In comments to the World Socialist Web Site, Shamenia Stewart-Adams said, “We need an explanation as to what happened. We have not gotten an update on the investigation or anything. We’ve got no answers. You just wait—no answers. We’re just empty right now. I just feel like a report should have been given. Especially since the factory is back in full production.”
Stewart-Adams also expressed her sympathy with the widow of Antonio Gaston, a worker at the Stellantis Toledo Assembly Plant in Ohio, who was crushed to death eight months before her husband died. The worker’s widow, Renita Shores-Gaston, has filed a wrongful death lawsuit against Stellantis. “We’ve gone through similar things. There has to be justice for her family and mine,” Shamenia said.
Next month, Stellantis, a multi-billion company, is expected to pay an $11,292 fine in a final settlement of three serious safety violations that led to Gaston’s death, including failing to provide safety guards to protect workers from “pinch points” on the inverted IPF Chassis Delivery Conveyor. According to the family’s attorneys, workers at the plant have alleged that the guards were removed to boost production and Gaston, a materials handler, was not trained to work on the assembly line. Management allegedly assigned him there because of manpower shortages due to hundreds of previous layoffs at the plant.
Will Lehman: “Workers cannot forgive and forget”
Will Lehman, the Mack Trucks worker and socialist who is running for UAW president, condemned both Stellantis and the UAW bureaucracy for their treatment of the Adams and Gaston families. In a statement on 11 months since Adams’ death, he stated:
I urge workers at the Dundee plant and throughout the UAW to demand the immediate release of the results of the MIOSHA investigation on the death of our brother Ronald Adams Sr. along with all digital machine logs, safety reports, and communications involving Stellantis, its contractors, and the UAW. As the resolution unanimously passed at the IWA-RFC public hearing stated: those responsible—from corporate executives to union officials and government regulators—must be held accountable for their role in the preventable deaths of Ronald Adams Sr., Antonio Gaston and other workers.
These deaths are not accidents but the inevitable product of a system that sacrifices workers for profit. Every day in America’s industrial slaughterhouse, workers are maimed and killed on the job as corporations drive speed ups, cut safety and treat human life as if it is disposable.
With its continued silence, the UAW bureaucracy is demonstrating a callous indifference for not only the victim of the deadly working conditions, but towards his widow, and his many family members who have been effectively abandoned by the UAW in the family’s search for answers. To workers Adams was the protector of the plant, but the UAW bureaucrats are demonstrating that in addition to being only a number to Stellantis, he was only dues revenue to them. Workers cannot forgive and forget what happened to our brother, and both the company and bureaucracy will be held accountable for their indifference for one of our own.
We cannot defend our lives and livelihoods while we are bound hand and foot by a union apparatus that stands against us at every turn. As it is presently constituted the UAW is a union in name only.
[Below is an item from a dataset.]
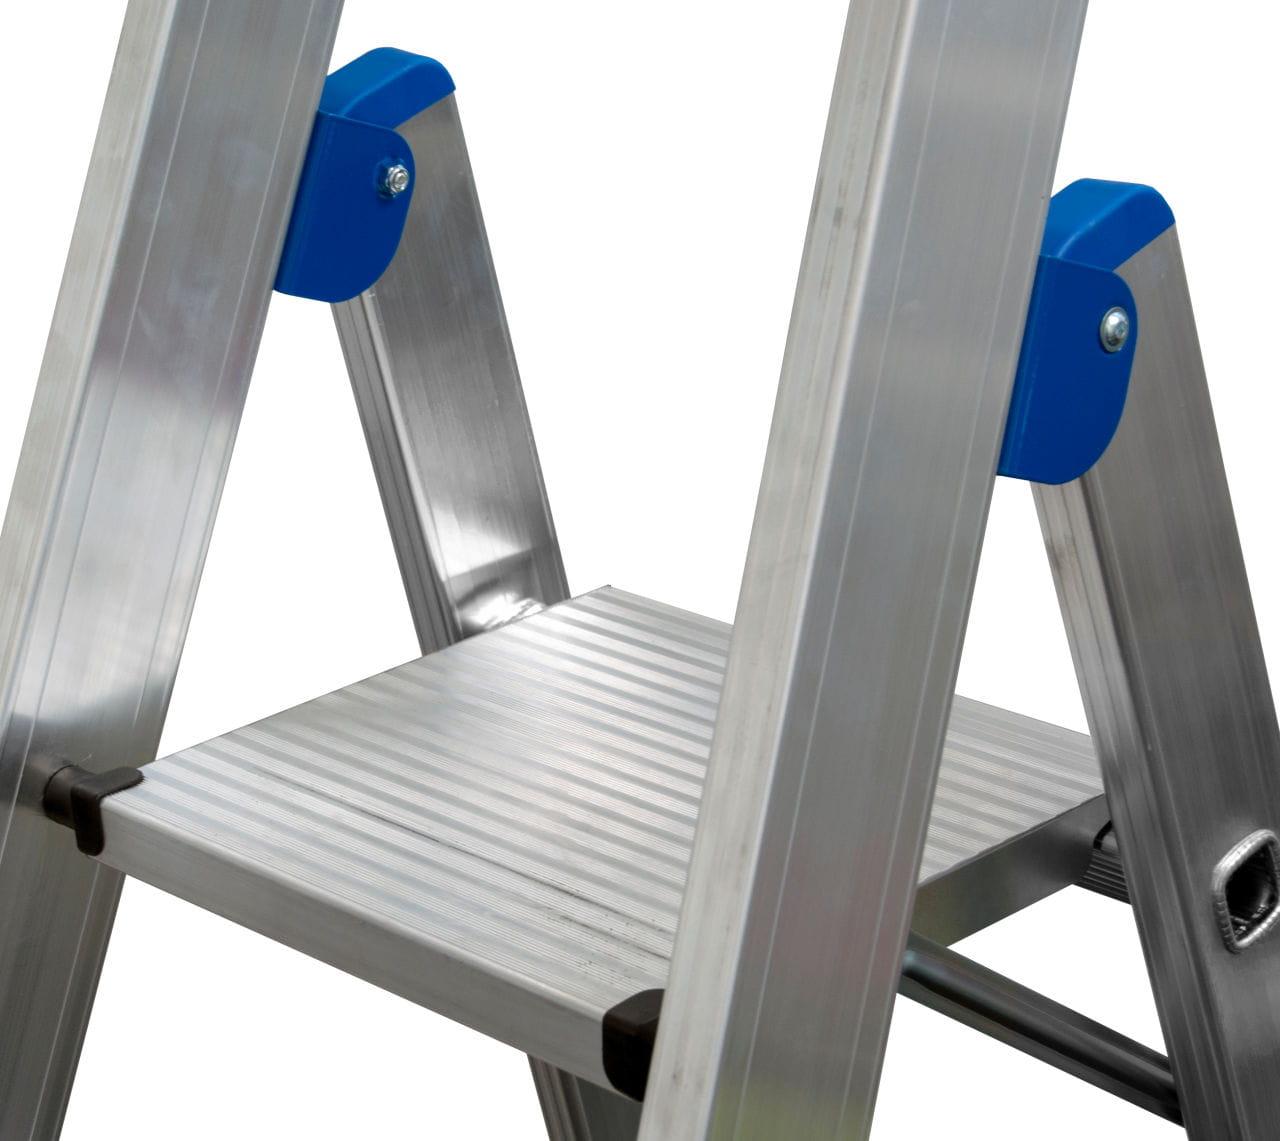 Platforma aluminiowa KRAUSE Stabilo 1x8 jezdniowa drabina

It functions to isolate us, discipline us and protect the interests of a privileged bureaucracy that is in bed with the companies and the government.
We, as workers must collectively organize in defense of our social and democratic rights, including the right to a decent standard of living, secure jobs and safe working conditions. My campaign is not about replacing one bureaucrat with another but abolishing the pro-company UAW apparatus, transferring power to workers on the shopfloor, and establishing workers control over safety and production standards by rank-and-file committees, controlled democratically by workers ourselves.
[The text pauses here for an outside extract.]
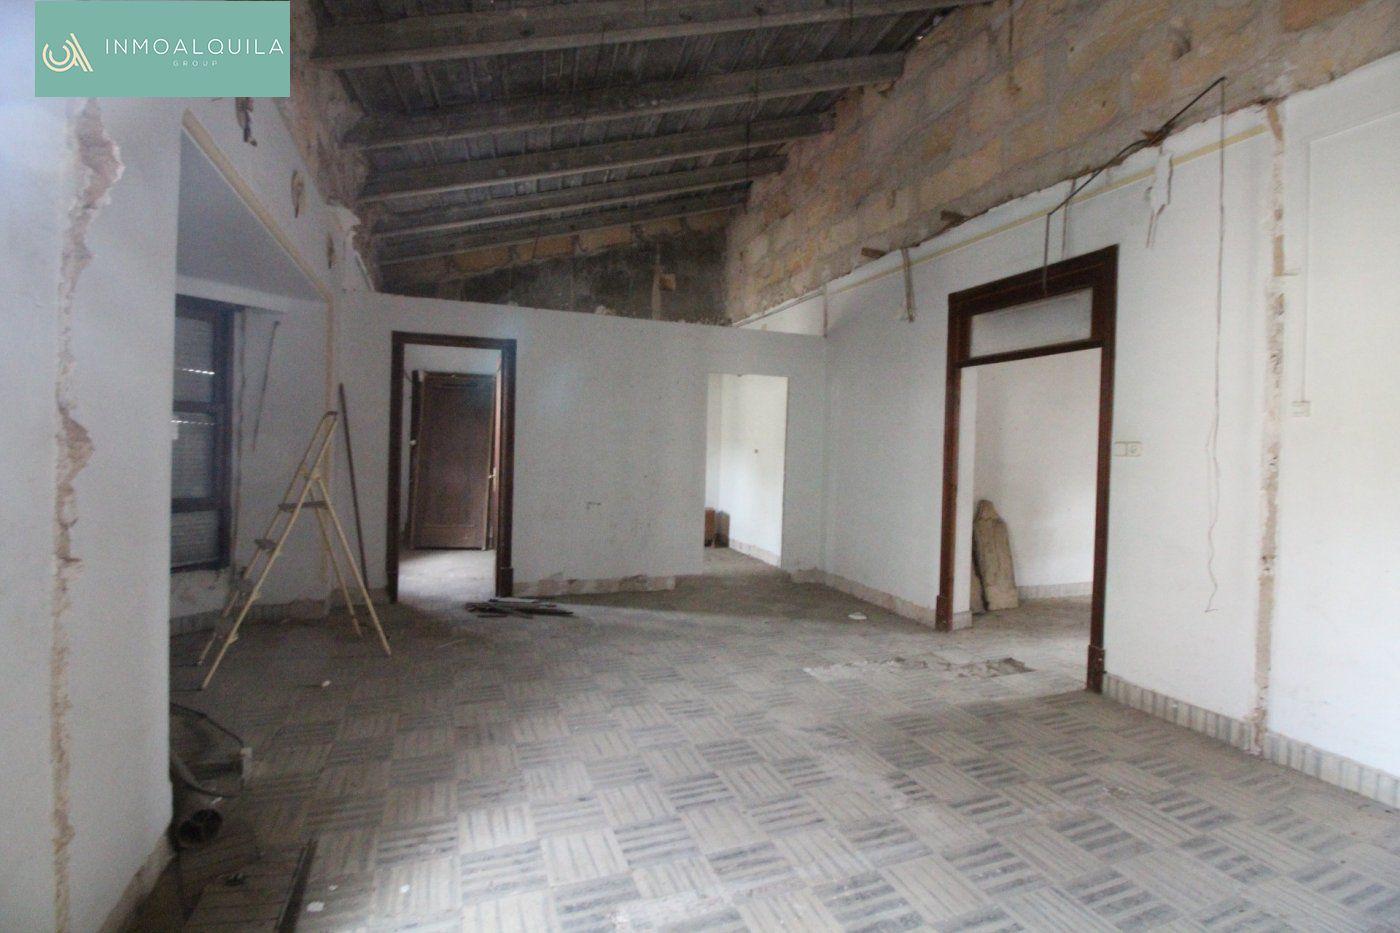 Appartamento  Lloseta ,lloseta. Primer piso techo libre en lloseta para reformar de 124 m2

MIOSHA opened an investigation into Adams’ death the day of the fatality on April 7, 2025. Nearly a year on, no findings have been released, no citations issued, and Stewart-Adams has received no communication from the agency. This is less a failure than a feature. Federal and state safety agency investigations are chronically delayed, and when they conclude, typically produce fines that are rounding errors for a corporation the size of Stellantis. The agency exists to absorb public outrage, not to hold corporations accountable.
The Dundee Engine Plant has been returned to full production. The machinery runs and the quotas are filled in a plant stained with workers’ blood.
The UAW’s guilty silence
In the eleven months since Adams’ death, Shawn Fain’s UAW has issued no statement demanding accountability from Stellantis and made no public demands of MIOSHA. Instead, it moved as quickly as possible to reopen Dundee Engine—protecting production continuity and its dues base over the demands of Adams’ family and coworkers.
This is not a failure of individual leadership but the institutional character of an apparatus built on class collaboration. For decades the UAW has functioned as a labor-management partnership, suppressing rank-and-file opposition, delivering a disciplined workforce to the corporations, and pocketing the dues. The deaths of Ronald Adams Sr. and Antonio Gaston are the human cost of that arrangement.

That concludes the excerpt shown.